Karena pelayaran pelagis adalah industri berisiko tinggi dan berkeuntungan tinggi, kapal yang disesuaikan untuk pelayaran pelagis diproduksi sesuai pesanan, yang menuntut persyaratan yang sangat ketat dalam berbagai aspek. Galangan kapal baru kami belum selesai, bagaimana kami bisa menerima pesanan?” Ayah Zhang Tie sedikit terkejut.
“Pesanan itu datang dari klan Zhang kami. Saya juga merasa aneh tentang itu. Tahun lalu, Grup Bisnis Changfeng, Perusahaan Perikanan Pelagis, dan Perusahaan Kapal Uap Pelagis di bawah afiliasi klan Zhang hampir meluncurkan beberapa rencana pengembangan secara bersamaan, yang meningkatkan permintaan kapal penangkap ikan pelagis 10.000 ton, kapal penumpang pelagis, dan kapal kargo pelagis beberapa kali lipat. Itu terlihat sangat gegabah dan agak tidak masuk akal. Saya tidak tahu bagaimana mereka bisa begitu percaya diri. Yang lebih tidak masuk akal adalah rencana mereka telah disetujui oleh dewan klan Zhang dari Istana Huaiyuan. Modal pertama untuk merenovasi Galangan Kapal Milkyway adalah pinjaman tanpa bunga yang disediakan oleh Bank Huaiyuan. Adapun pesanan yang dikirim oleh Perusahaan Perikanan Pelagis, selama kapal penangkap ikan pelagis 10.000 ton pertama dipasangi lunasnya, Bank Huaiyuan akan membayar di muka 40% dari biaya pembuatan kapal untuk Perusahaan Pelagis. Ini perlakuan istimewa yang luar biasa. Di Kota Jinhai, selain galangan kapal kami, semua yang lain “Galangan kapal juga menerima pesanan serupa.”

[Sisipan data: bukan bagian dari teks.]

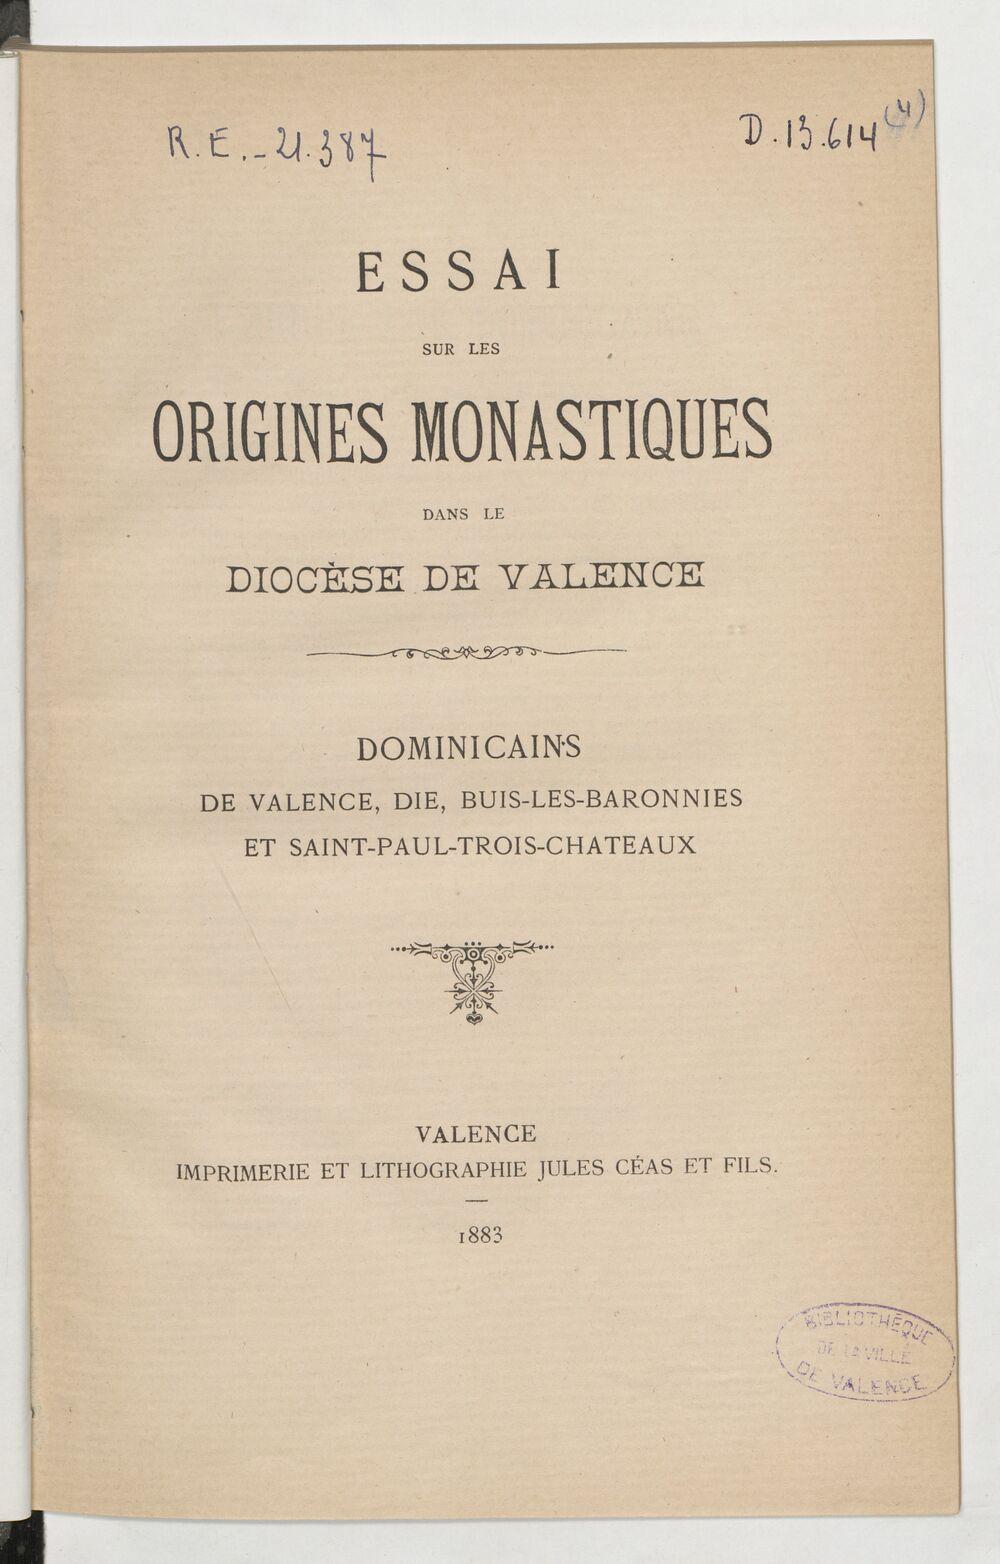 Essai sur les origines monastiques dans le diocèse de Valence, dominicains de Valence, Die, Buis-les-Baronnies et Saint-Paul-Trois-Chateaux
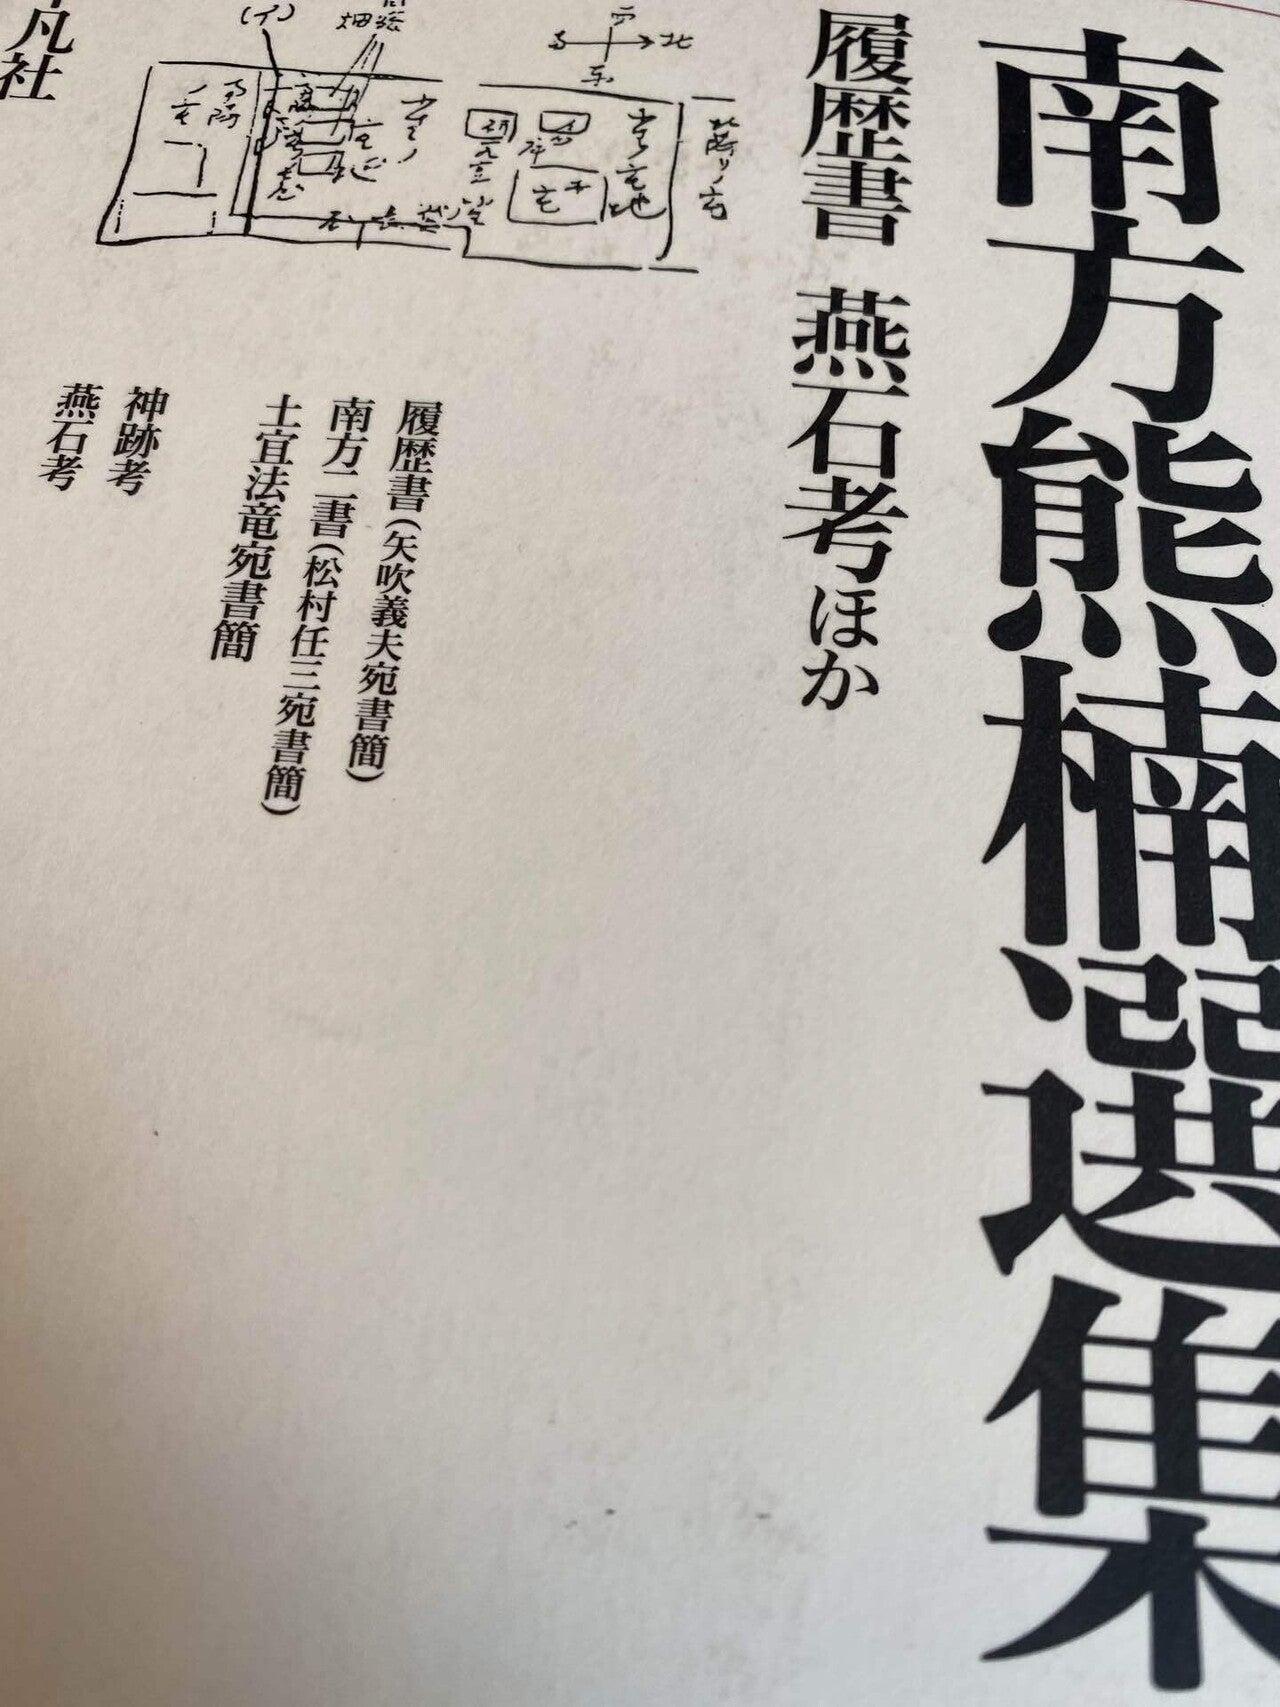 意味 両義 的 タギ テキ【多義的】の例文集・使い方辞典

Mendengar percakapan antara ayah dan paman tertua, Zhang Tie dan Zhang Yang yang duduk di belakang mobil saling bertukar pandang dengan takjub. Tak satu pun dari mereka pernah membayangkan bahwa ayah mereka lahir di klan yang begitu hebat, yang galangan kapalnya berada di peringkat tiga teratas di Kota Jinhai dan lima teratas di Kabupaten Jinyun. Kedengarannya luar biasa.